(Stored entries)
==============================

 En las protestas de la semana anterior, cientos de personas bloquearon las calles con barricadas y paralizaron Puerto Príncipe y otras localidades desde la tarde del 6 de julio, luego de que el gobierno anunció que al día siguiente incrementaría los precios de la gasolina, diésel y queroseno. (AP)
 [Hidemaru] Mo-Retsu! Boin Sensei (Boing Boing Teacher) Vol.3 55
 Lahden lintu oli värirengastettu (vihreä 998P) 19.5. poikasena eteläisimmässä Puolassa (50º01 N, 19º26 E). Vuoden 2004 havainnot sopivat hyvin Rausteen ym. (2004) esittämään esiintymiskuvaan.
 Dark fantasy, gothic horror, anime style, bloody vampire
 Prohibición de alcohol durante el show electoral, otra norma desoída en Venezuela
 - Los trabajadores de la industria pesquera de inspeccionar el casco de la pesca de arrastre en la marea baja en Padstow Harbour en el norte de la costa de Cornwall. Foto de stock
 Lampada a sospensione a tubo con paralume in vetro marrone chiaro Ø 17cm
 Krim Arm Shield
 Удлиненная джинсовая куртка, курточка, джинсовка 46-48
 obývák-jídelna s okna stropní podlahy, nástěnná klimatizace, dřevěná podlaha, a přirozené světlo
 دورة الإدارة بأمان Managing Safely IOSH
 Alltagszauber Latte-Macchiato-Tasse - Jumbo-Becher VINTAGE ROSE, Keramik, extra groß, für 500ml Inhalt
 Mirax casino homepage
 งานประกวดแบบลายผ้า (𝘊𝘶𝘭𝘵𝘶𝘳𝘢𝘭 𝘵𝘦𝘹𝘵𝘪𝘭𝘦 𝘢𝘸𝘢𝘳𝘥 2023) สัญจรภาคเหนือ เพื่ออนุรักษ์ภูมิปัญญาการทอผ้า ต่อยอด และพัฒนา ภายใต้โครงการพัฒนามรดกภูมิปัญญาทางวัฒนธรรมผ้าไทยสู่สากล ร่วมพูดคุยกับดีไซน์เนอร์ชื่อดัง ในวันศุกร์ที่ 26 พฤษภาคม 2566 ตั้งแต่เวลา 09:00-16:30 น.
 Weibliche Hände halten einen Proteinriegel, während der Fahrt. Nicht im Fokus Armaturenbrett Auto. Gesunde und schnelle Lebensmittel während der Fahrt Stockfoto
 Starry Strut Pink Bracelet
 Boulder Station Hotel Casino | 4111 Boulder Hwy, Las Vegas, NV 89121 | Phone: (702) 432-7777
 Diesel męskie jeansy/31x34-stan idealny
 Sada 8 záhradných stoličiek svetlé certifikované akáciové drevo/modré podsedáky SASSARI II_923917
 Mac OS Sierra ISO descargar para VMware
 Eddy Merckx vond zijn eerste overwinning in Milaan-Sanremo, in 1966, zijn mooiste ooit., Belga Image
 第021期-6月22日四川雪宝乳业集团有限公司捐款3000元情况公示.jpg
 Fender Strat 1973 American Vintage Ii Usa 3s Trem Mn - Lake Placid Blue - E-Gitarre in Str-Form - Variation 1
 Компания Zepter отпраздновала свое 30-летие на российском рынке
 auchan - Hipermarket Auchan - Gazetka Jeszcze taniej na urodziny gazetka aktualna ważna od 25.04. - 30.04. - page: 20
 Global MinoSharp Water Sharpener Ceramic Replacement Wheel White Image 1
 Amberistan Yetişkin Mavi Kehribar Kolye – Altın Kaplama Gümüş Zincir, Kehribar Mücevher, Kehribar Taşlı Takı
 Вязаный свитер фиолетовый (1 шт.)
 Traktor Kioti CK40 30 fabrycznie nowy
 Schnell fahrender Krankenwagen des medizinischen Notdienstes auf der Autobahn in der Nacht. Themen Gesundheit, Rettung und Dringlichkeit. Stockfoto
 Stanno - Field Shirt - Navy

==============================

Action item: Reproduce, character for character, only the lines of the preceding data that start at the line with "Mac OS Sierra ISO descargar para VMware" and end at the line with "Fender Strat 1973", both included.

Result of this task:
 Mac OS Sierra ISO descargar para VMware
 Eddy Merckx vond zijn eerste overwinning in Milaan-Sanremo, in 1966, zijn mooiste ooit., Belga Image
 第021期-6月22日四川雪宝乳业集团有限公司捐款3000元情况公示.jpg
 Fender Strat 1973 American Vintage Ii Usa 3s Trem Mn - Lake Placid Blue - E-Gitarre in Str-Form - Variation 1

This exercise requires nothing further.